Saskatoon’s Persephone Theatre has kicked off $2 million, over three years, fundraising campaign for a three-stage roof repair.
The theatre has been in the building since it was built 17 years ago and Breanne Harmon, the executive director at Persephone, says a very common material for the time was used in the rigid roof installation which has proven to be incompatible with Saskatchewan weather. It expands in hot summer weather and contracts in the cold winter which has created gaps. The lack of flexibility in the material is considered a roof assembly failure.
Harmon says there are three portions of the roof they are addressing and the first one, which they considered the most important, is the fly tower which is over the stage and audience. “We actually have a number of children’s kiddie pools up in our fly gallery which is 60 feet above the stage that captures the water as it falls. We have tarps up there, there’s a sump pump. Our technical director Jody Longworth has spent the last number of years going up and down, it’s about 94 spiral stairs, to get the water out, to sump pump it out, to have it go through the building hatch,” she explains.
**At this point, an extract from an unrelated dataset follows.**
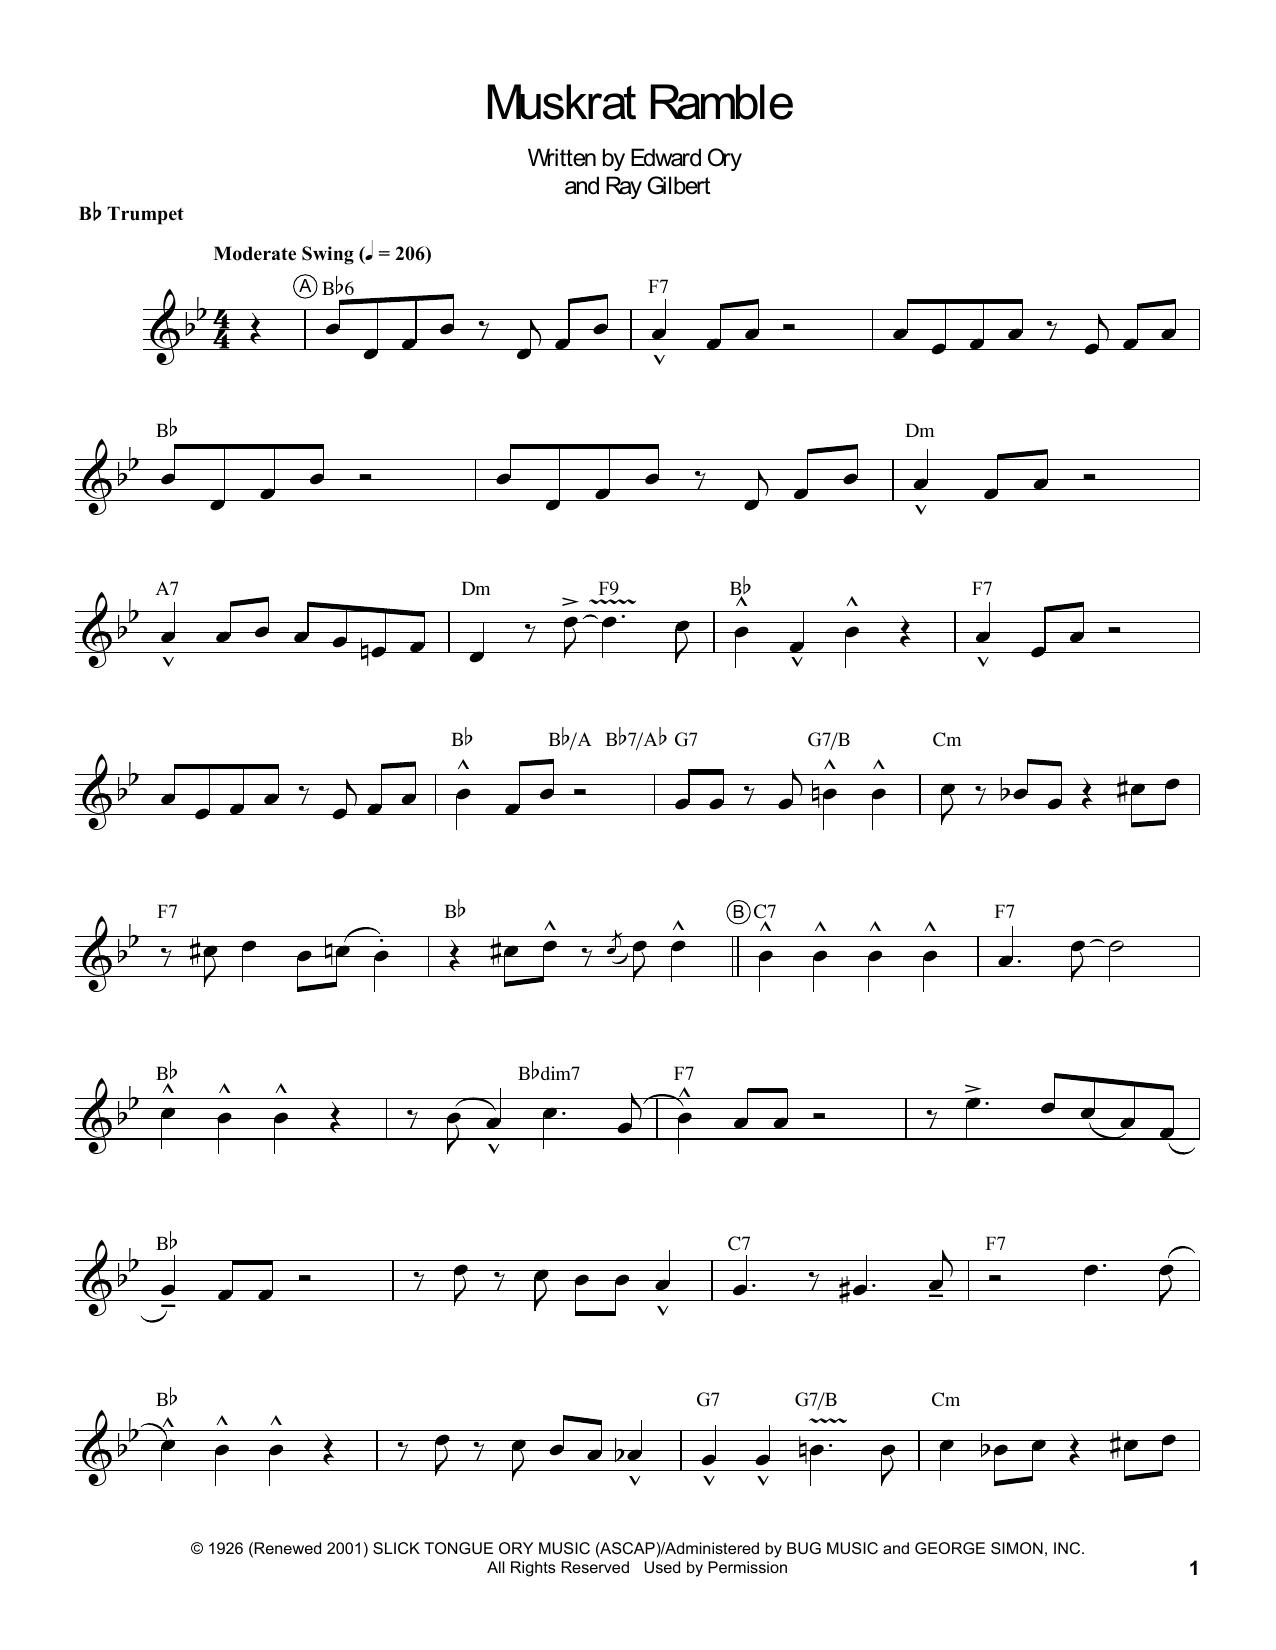 Muskrat Ramble Sheet Music

Malcolm and Marilyn Leggett have kicked off the fundraising with a $300,000 donation. Harmon says they have also been successful in securing cultural infrastructure funding from the City of Saskatoon for the first phase of the project which will address the roof over the fly tower. The first portion is slated for repair this summer starting June 24th. They plan to open September 25 which will kick off their 50th milestone season leaving two remaining stages of the roof repair that will need to be undertaken.